In making this discovery, the researchers undertook a detailed association analysis of single nucleotide polymorphisms at 10q26. They found that the human retina and various cell lines detect LOC387715/ARMS2 mRNA and then encode a 12-kDa protein, which localizes to the mitochondrial outer membrane when expressed in mammalian cells. From this finding, they propose that rs1049-0924 is a major susceptibility variant for AMD at 10q26. They add that other variants could possibly exist in the region but identifying them would require a very large sample size.
While the cornea has the distinction of being the most densely innervated tissue in the human body, actually assessing changes in corneal innervation density and morphology has been challenging given both the limited availability of healthy corneal tissue for ex vivo study and the rapid pace of corneal nerve degeneration after death. Seeking a better method of measuring these changes, Niederer et al. utilized laser scanning in vivo confocal microscopy technology to study corneal keratocyte and innervation density.
The researchers conducted a cross-sectional study of 85 normal, healthy individuals with a mean age of 38 and a range of ages from 18 to 87. Through laser scanning in vivo confocal microscopy, they found that corneal sub- basal nerve fiber density significantly decreased with increasing age (0.9 percent per year). Also anterior keratocyte density declined by 0.9 percent per year, posterior keratocyte density declined by 0.3 percent per year and endothelial cell density declined by 0.5 percent per year.
They conclude that this relatively linear reduction in corneal innervation, keratocytes and endothelial cell density could possibly have key implications for corneal structure and function.
Optical coherence tomography image artifacts may occur in patients with retinal pigment epithelium detachment and retinal laser scars, leading to possible misdiagnoses. In this study, Karam et al. present software-related artifacts caused by some pigment retinal pathologies. They selected 13 eyes of 11 patients for the study. Ten eyes had retinal pigment epithelial detachment and three had retinal laser scars. The authors reviewed their OCT retinal scans.

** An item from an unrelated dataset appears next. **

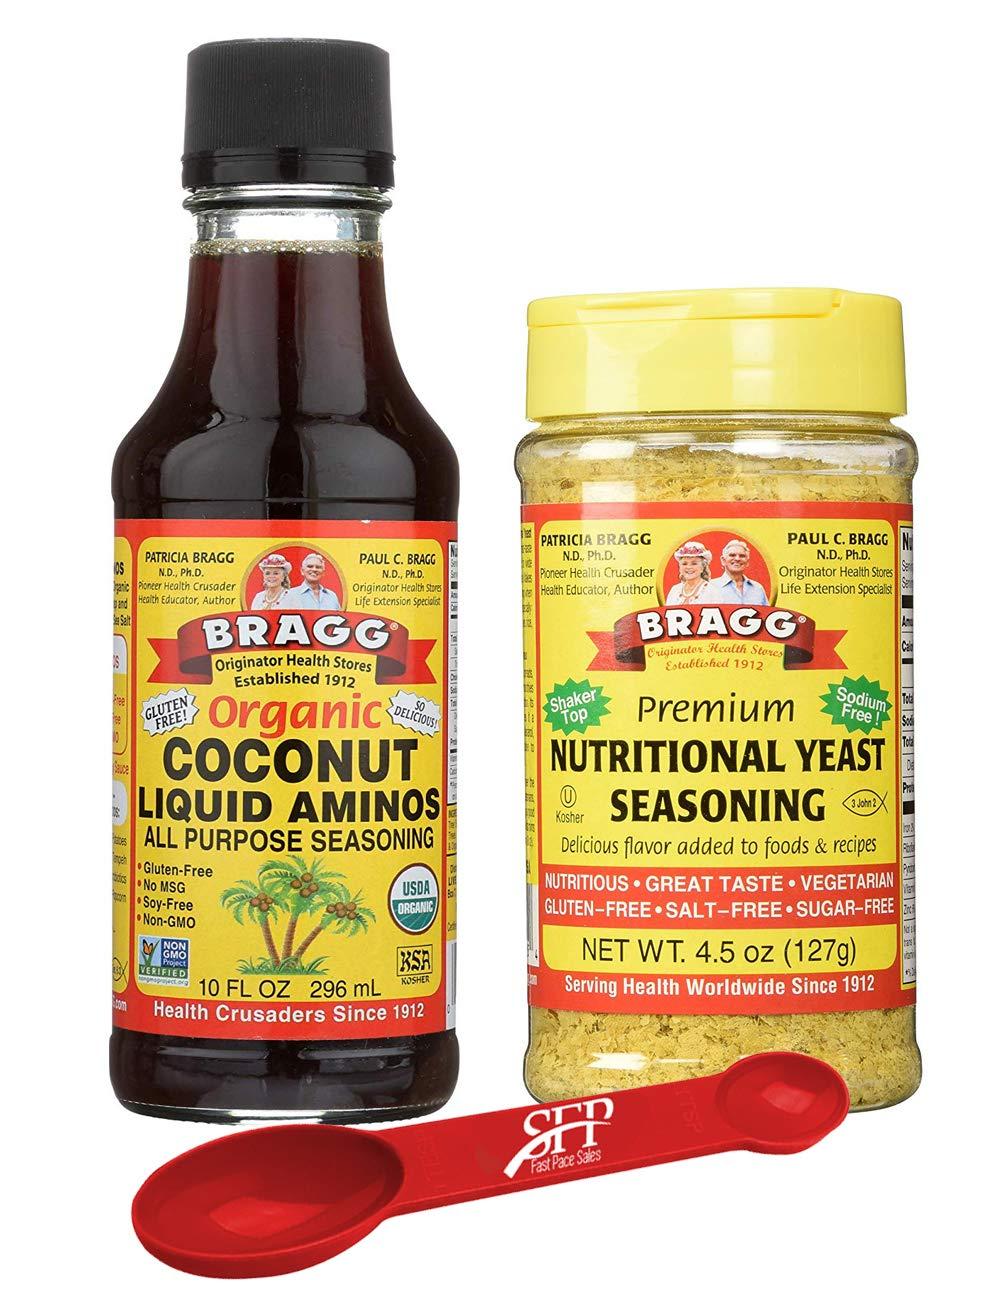 Bragg's Organic Saver Package: Bragg Organic Coconut Liquid Aminos, 10 Oz + Bragg's Nutrional Yeast Supplement, 4.5 Oz by Bragg's Organic (Image #1)

When scan protocol analyses were applied, 10 eyes of eight patients with retinal pigment epithelial detachments displayed retinal pigment epithelium flattening and an apparent inversion of the dome of the detachment. In addition, the three eyes with retinal laser scars showed thinning of the retinal pigment epithelium without changes behind the scar.
The investigators conclude with an alert to clinicians: Given the potential for artifacts, OCT results that seem to contradict initial clinical findings should be followed up with a clinical fundus examination.